Так «гулящий попик», недалеко от Варварских ворот, стоя у одной лавки Охотного ряда, проповедовал невообразимые нелепости толстому купчине с мочальной бородой и этими нелепостями ужасал своего доверчивого слушателя так, что того бросало в жар и в холод. Не было басни самой невозможной, но только приправленной непонятными словами вроде «пифик» или «чудо», или «знамение», или «в образе старца» и т. п., которой бы не поверил народ и та из его интеллигенции, которая сидела по Охотным да Сундучным рядам. А теперь эти россказни вертелись или около «мору», или около будущего «каменного дождя», или же ожидаемой «огненной реки», – и все напряженно слушали ораторов вроде «гулящего попика». А «гулящий попик» представлял собою олицетворение того неудовольствия, которое с каждым днем росло все более и более среди бедного и заштатного духовенства на архиепископа Амвросия, решившегося изгнать из Москвы «наемное священство». Преосвященный тем энергичнее приступал к этому делу, что видел, как народные скопища, руководимые гулящими попами, способствовали распространению заразы: больные и зараженные выползали на площади, чтобы присутствовать на молебствиях, терлись около здоровых, заражали своим иконоприкладством и лобызанием крестов, и эти иконы и кресты, к которым прикладывались после них здоровые, и разносили по домам и по всему городу смерть.

Пресечь это исторически окрепшее на московской почве зло не было никакой возможности: скорее Москва-река потечет вспять, чем Москва-город пойдет вперед, поступится своими историческими привычками. Да и как искоренить это зло, когда и народ, и сидельцы, и купчины всевозможных родов, и сами попы, – все это воспиталось на одном молоке, все это одинаково верит и «пифику» какому-то, которого никто не видел, и «каменному дождю», и «огненной реке», и «жупелу», и «старцам в сониях»! Амвросий, не понимая московского человека, для которого кричание молитвенное, и каждение ладаном до неба, и оглушительное колокольное славословие – та же «широкая масленица», старается, вместе с Еропкиным, вытеснить с улиц и площадей «гулящих попиков» с их блеющей до неба паствою, а вместо этих попиков выползают на торжище настоящие попы, ставленные, хиритонисованные, и литургисают во всю ивановскую. «Мерзкие козлы, и попами их грех назвать!» – кричит с негодованием самовидец московских оргий, Бантыш-Каменский, племянник Амвросия и отец историка. «Мерзкие козлы, оставив свои приходы и церковные требы, собирались тут же на площадях, с налоями, делая торжища, а не богомолье...»

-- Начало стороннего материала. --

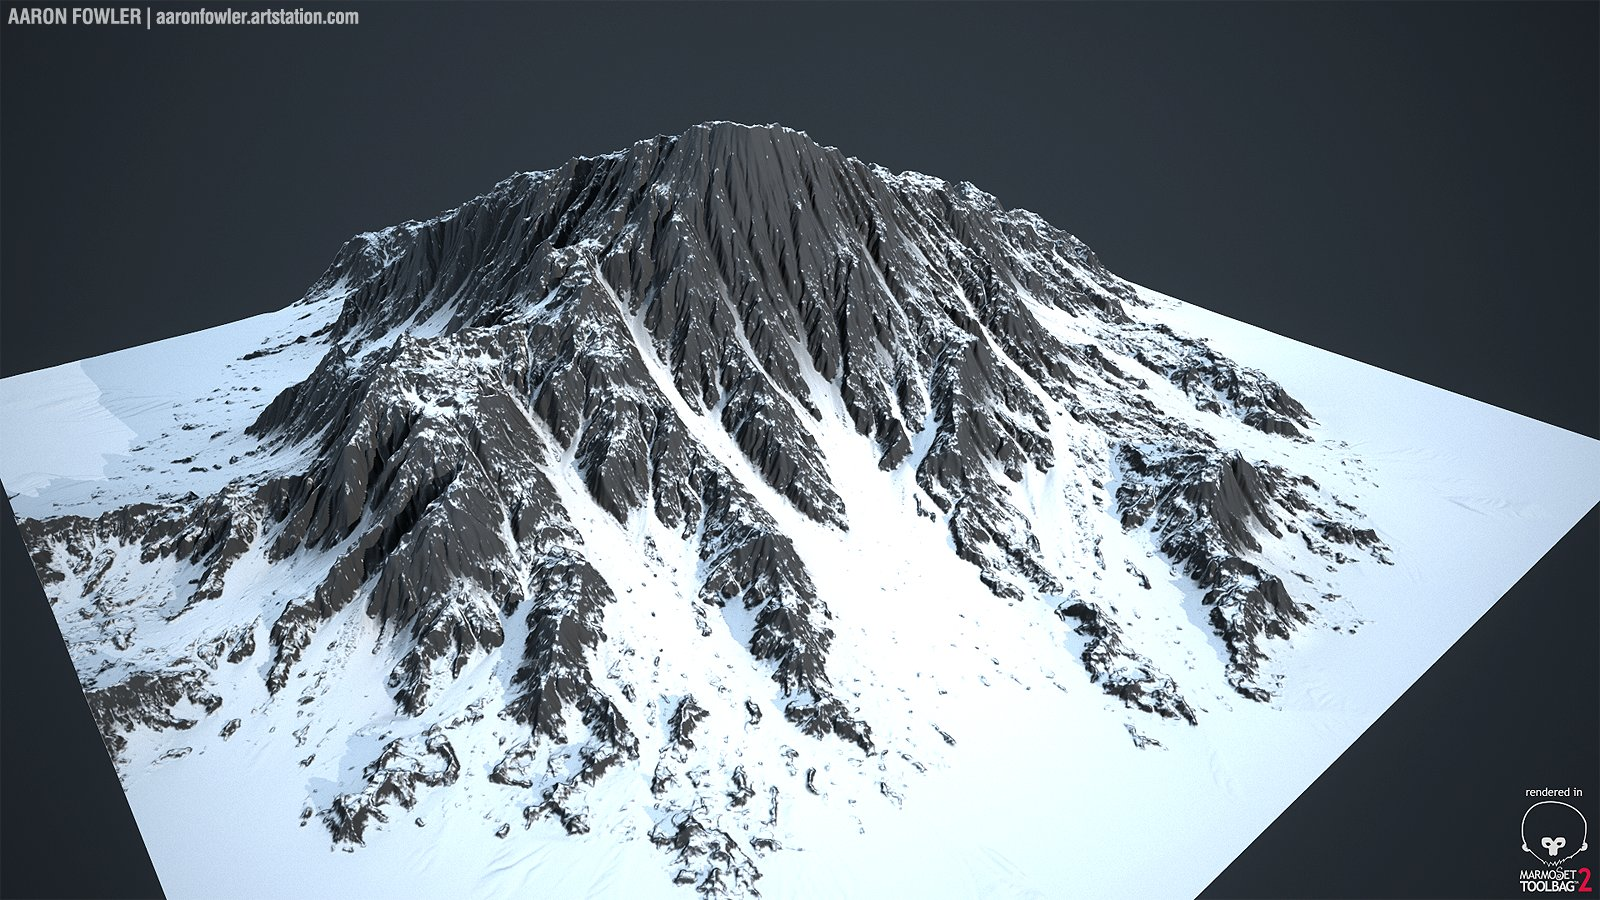 aaron-fowler-aaron-fowler-terrain02.jpg?1436539525
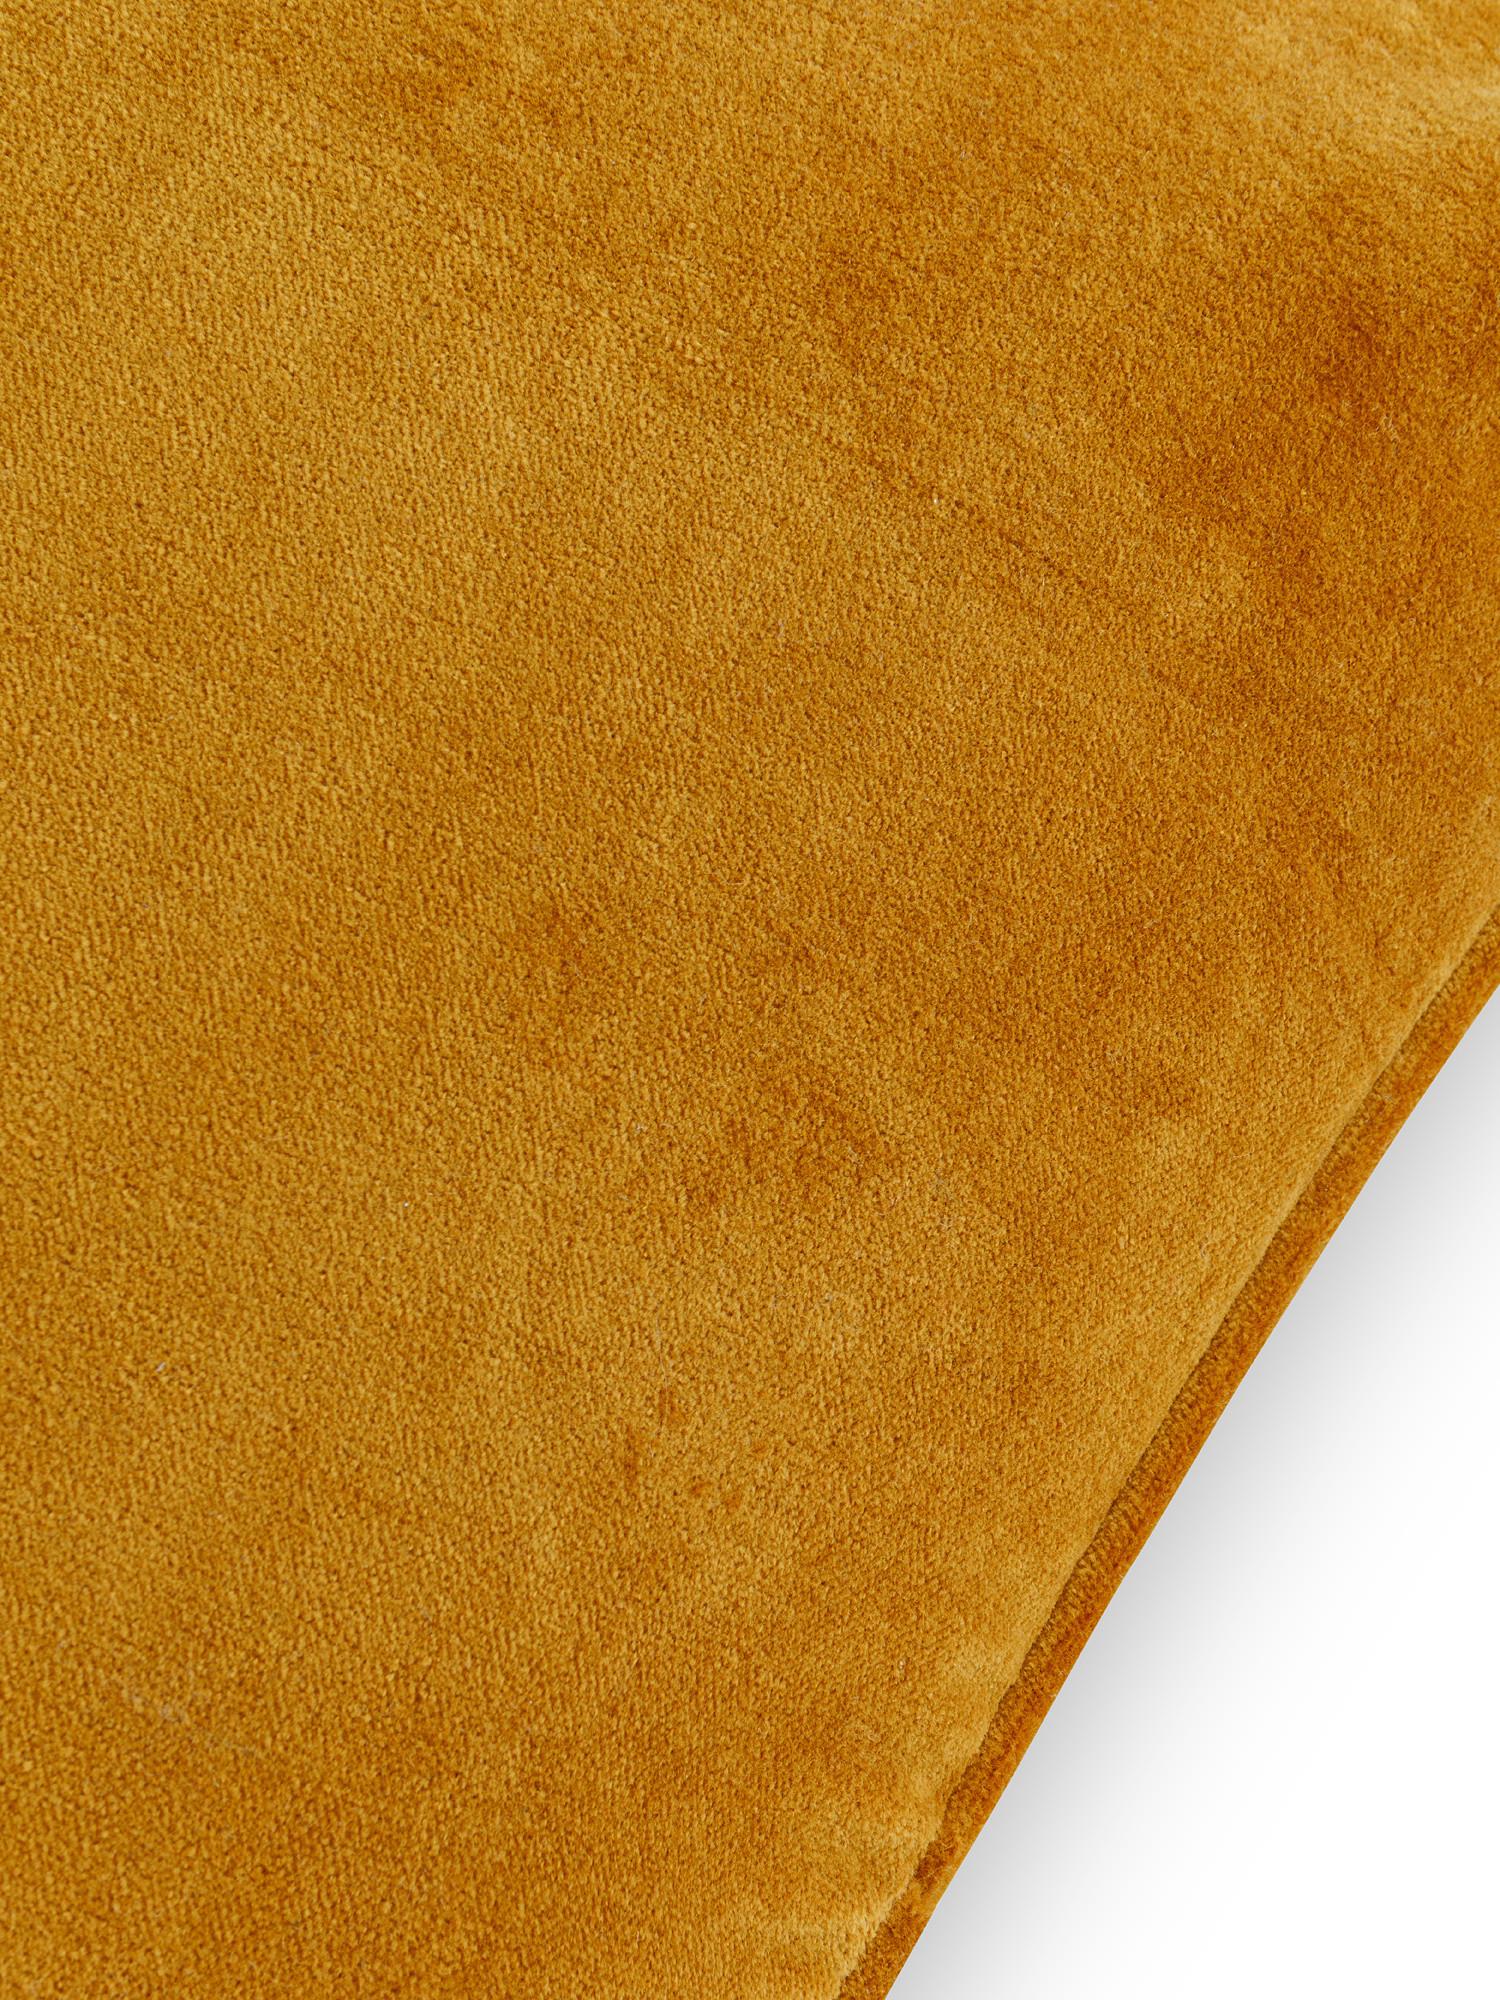 Cuscino velluto di cotone tinta unita 45x45cm, Giallo ocra, large image number 2

А между тем Амвросий, ратуя против всесильного Охотного ряда, не видел, что этим он скопляет над собой и над всей Москвой страшный горючий материал. Он не видел, что сера уже клокотала под землей. По улицам уже ходили рассказы о «сониях», о «пификах», о плачущей иконе... Имя «нерусского» архиерея начало повторяться чаще и чаще.

– У него, матыньки, келейник, запорожец во какой! Сама видела.

– С косой, мать моя, и табачище жрет.

– Вон у него в Воскресенском брат архимандритом, Никоном называется, настоящий Никонишко-табашник.

– А там, мать моя, к попу Мардарию пифик, сказывают, приходил...

– Какой пифик, родимушка?

– А страшный, коленками назад.

– Владычица-матушка! Укрой от глада и мора!

И стоном стонет Москва от своей глупости. А между тем мор не унимается. Народ начинает озорничать, нет-нет да придерется к чему-нибудь или к кому-нибудь, да в салазки, да за волосы, и пошла потасовка на улице... А уж «чужой» и не подвертывайся: свои собаки грызутся, чужая не мешайся, разорвут.

Вон от Троицы-на-рву, мимо Винных рядов, мастеровые несут покойника. Хмурые лица такие. «Гулящий попик» уже впереди, вытащил из-под монатейки крестик, забыл о «пифике» и уже козлогласует: «Житейское мо-о-ре!..»

В тот же день, возвращаясь из своих разъездов Варварскими воротами, веселый доктор вдруг велел своему вознице остановиться. Что-то на площади привлекло его внимание...

По площади шел солдат, лицо которого особенно резко бросалось в глаза своими густыми бровями. Рядом с ним бежала собачонка и заглядывала в глаза своему спутнику. Солдат, видимо, рассуждал о чем-то, обращаясь к собачонке, а собачонка, казалось, понимала его.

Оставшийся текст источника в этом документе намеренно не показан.